During the fourth quarter of 2019, Ultra’s average realized natural gas price was $2.72 per thousand cubic feet (“Mcf”), which included derivative settlements, as compared to $2.58 per Mcf in the fourth quarter of 2018.  Excluding the derivative settlements, the Company’s average price for natural gas was $2.78 per Mcf in the fourth quarter of 2019, compared to $3.95 per Mcf for the fourth quarter of 2018.  Rockies natural gas basis, measured by first-of month Inside FERC Northwest Rockies (“NWROX”) compared to Henry Hub, was positive in the fourth quarter of 2019 by $0.27 per MMBtu.  The Company’s average realized oil price was $60.53 per Bbl, including derivative settlements, for the quarter ended December 31, 2019, as compared to $61.74 per Bbl for the same period in 2018.

Full-Year 2019 Results

Ultra’s reported net income for the year ended December 31, 2019, was $108.0 million, or $0.55 per diluted share as compared with net income of $85.2 million or $0.43 per diluted share for the same period in 2018. Adjusted net income for the year ended December 31, 2019, was $69.1 million, or $0.35 per diluted share, as compared to $149.7 million and $0.76 per diluted share in 2018.

During the year ended December 31, 2019, revenues from natural gas and oil sales, including processing credits, was $742.0 million as compared to $892.5 million in the year ended December 31, 2018. During the year ended December 31, 2019, production of natural gas and oil was 240.2 Bcfe, which was comprised of 230.1 Bcf of natural gas and 1.7 million barrels of oil.

During the year ended December 31, 2019, Ultra’s average realized natural gas price was $2.50 per Mcf, including derivative settlements.

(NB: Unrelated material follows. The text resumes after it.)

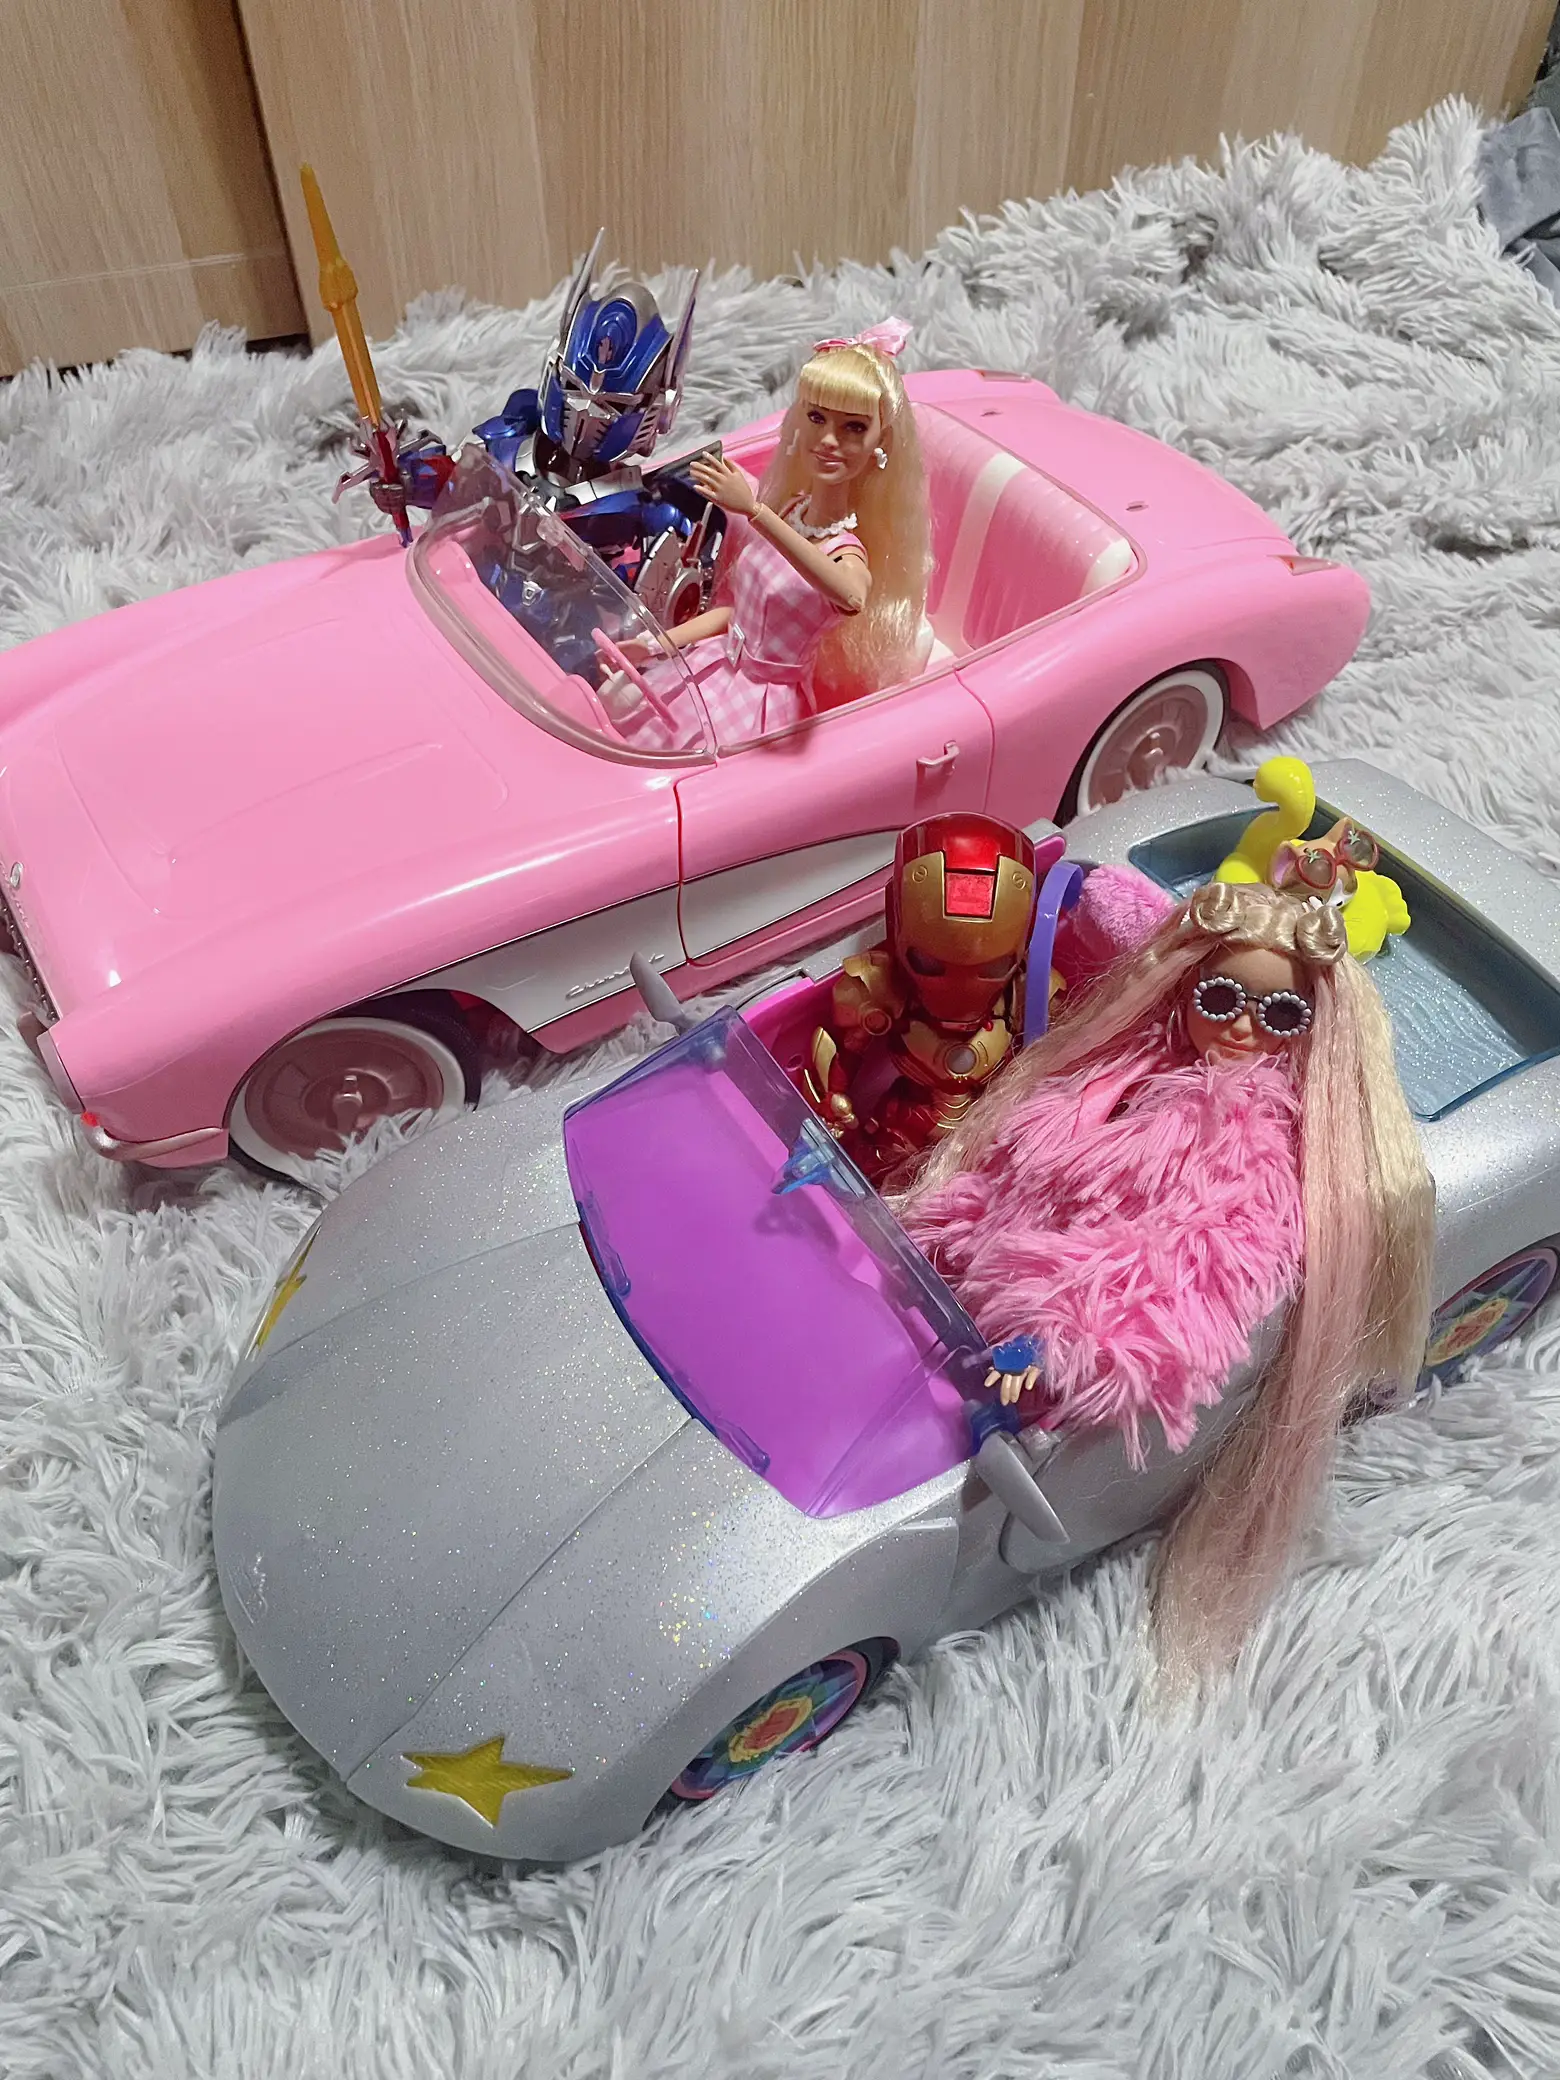 Barbie Dolls for Sick Kids - Lemon8 Search

Excluding the derivative settlements, the Company’s average price for natural gas was $2.77 per Mcf for both 2019 and 2018, with volatility through each period.  The net basis differential between NWROX and Henry Hub, using first of month pricing was negative $0.04 per MMBtu for the full year 2019 as compared to negative $0.46 in 2018.  The Company’s average realized oil price, including derivative settlements, was $59.97 per Bbl for the year ended December 31, 2019, as compared to $59.44 per Bbl for the same period in 2018.

For the full year 2019, total capital expenditures were $241.1 million. During this period, the Company participated in 94 gross (78.5 net) wells that were turned to sales, including operated and non-operated wells in the Pinedale field in Wyoming. 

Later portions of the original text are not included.